== DATA SUPPLIED ==
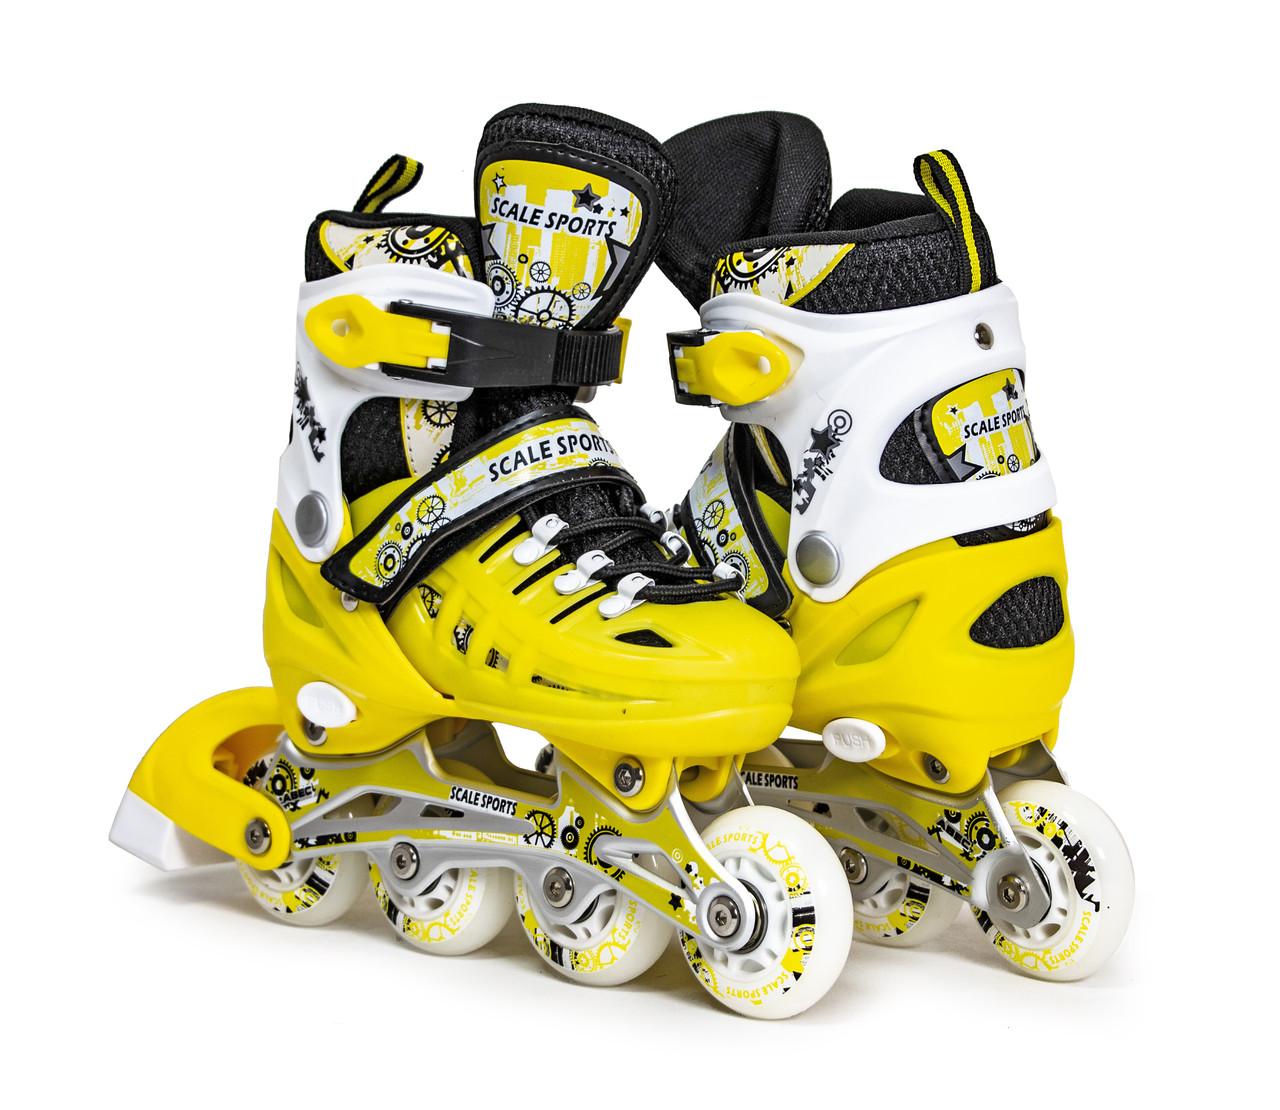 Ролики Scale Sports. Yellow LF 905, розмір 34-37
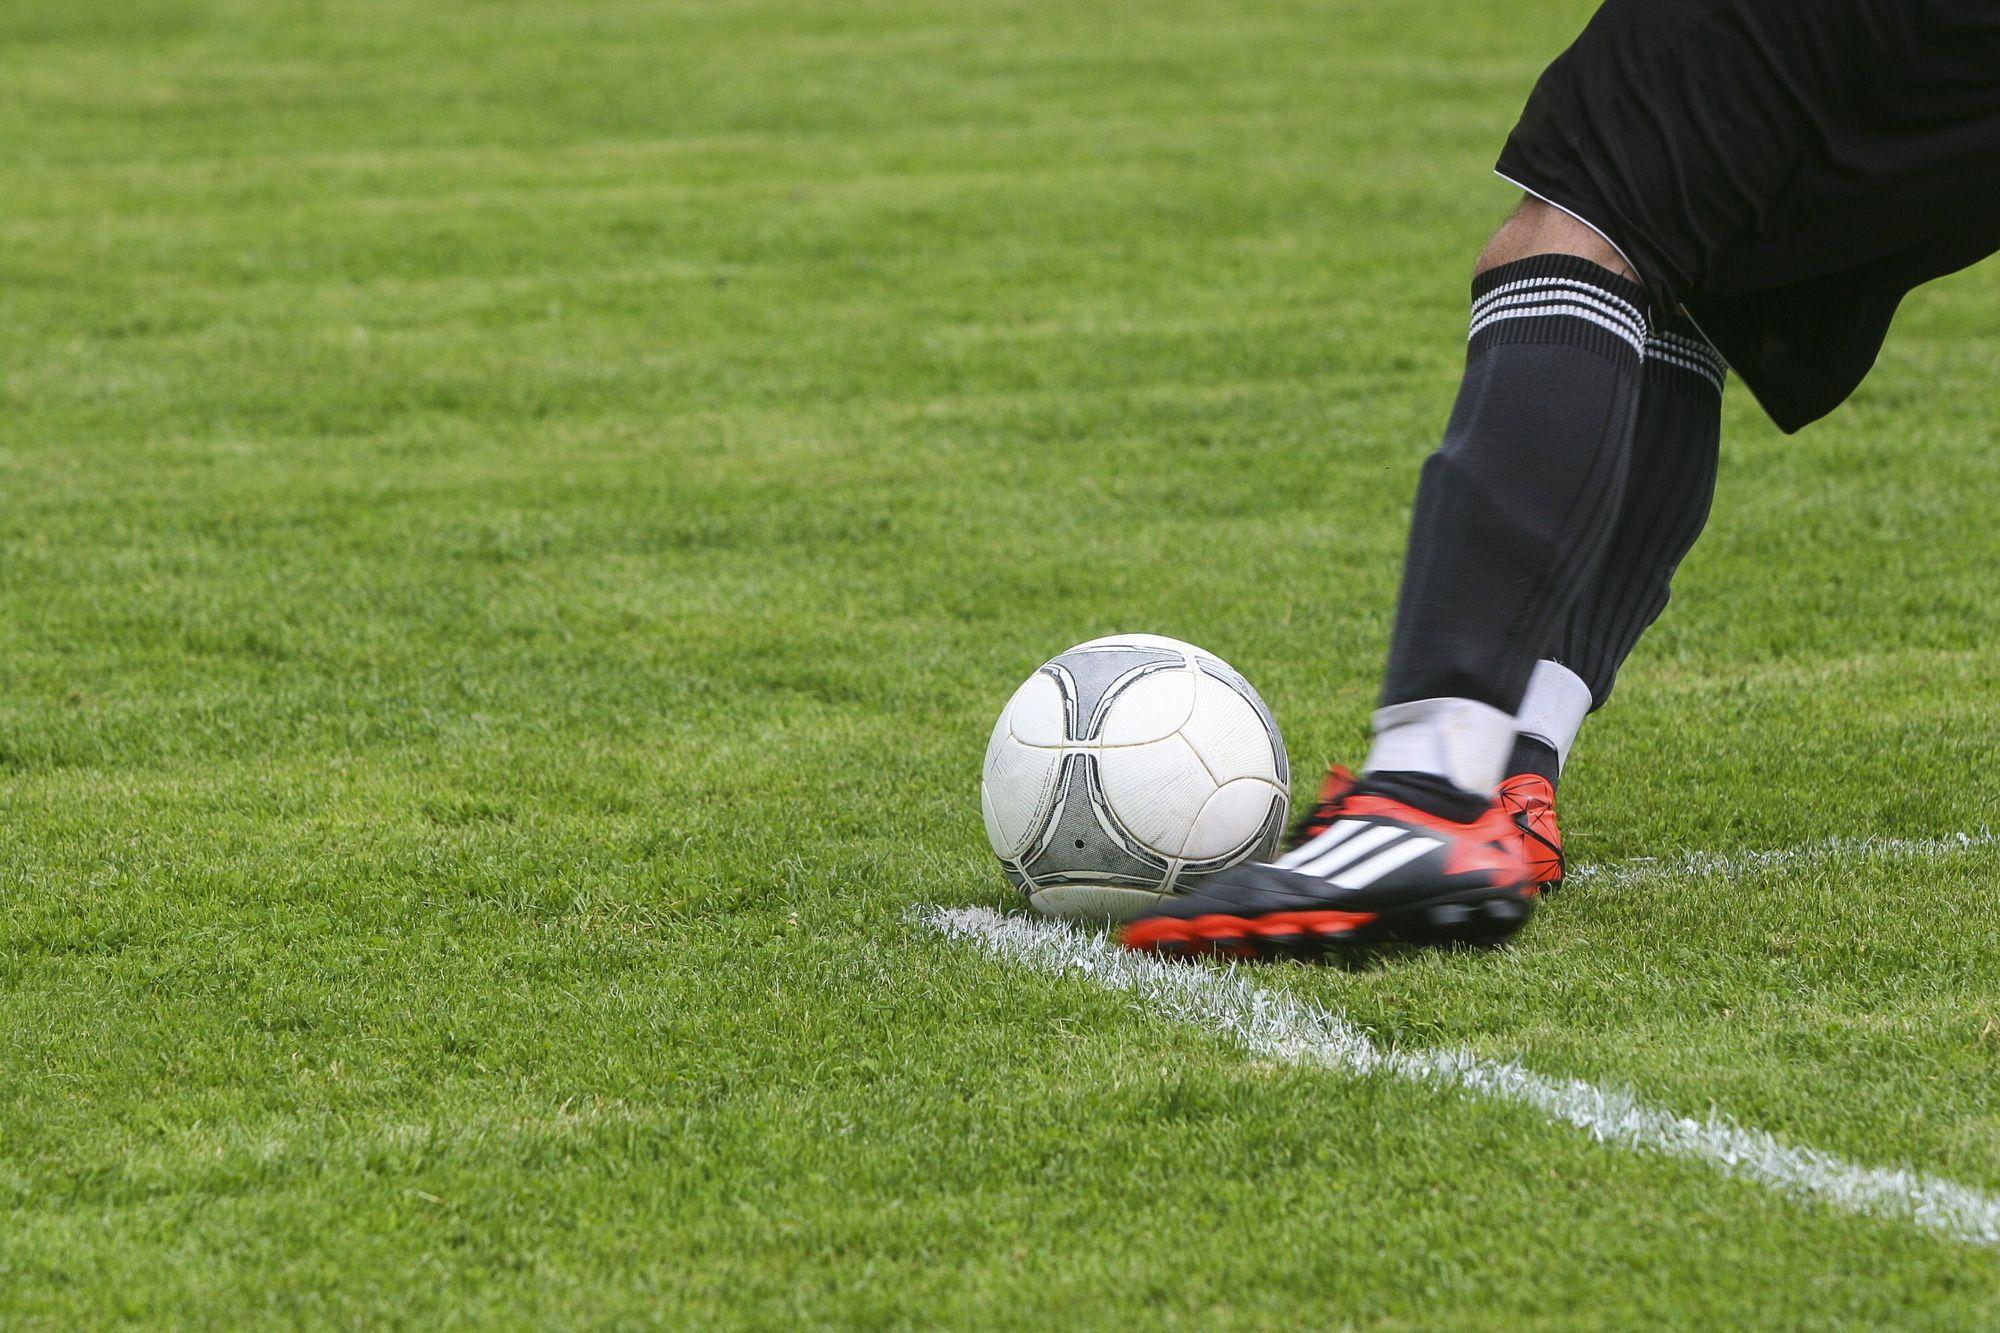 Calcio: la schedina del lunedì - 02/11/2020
==
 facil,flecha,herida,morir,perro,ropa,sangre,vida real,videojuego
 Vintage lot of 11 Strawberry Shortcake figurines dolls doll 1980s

== YOUR ASSIGNMENT ==
Return only the lines between the one holding "facil,flecha,herida,morir,perro,ropa,sangre,vida real,videojuego" and the one holding "Vintage lot of", inclusive, exactly as they appear above.

== RESULT ==
 facil,flecha,herida,morir,perro,ropa,sangre,vida real,videojuego
 Vintage lot of 11 Strawberry Shortcake figurines dolls doll 1980s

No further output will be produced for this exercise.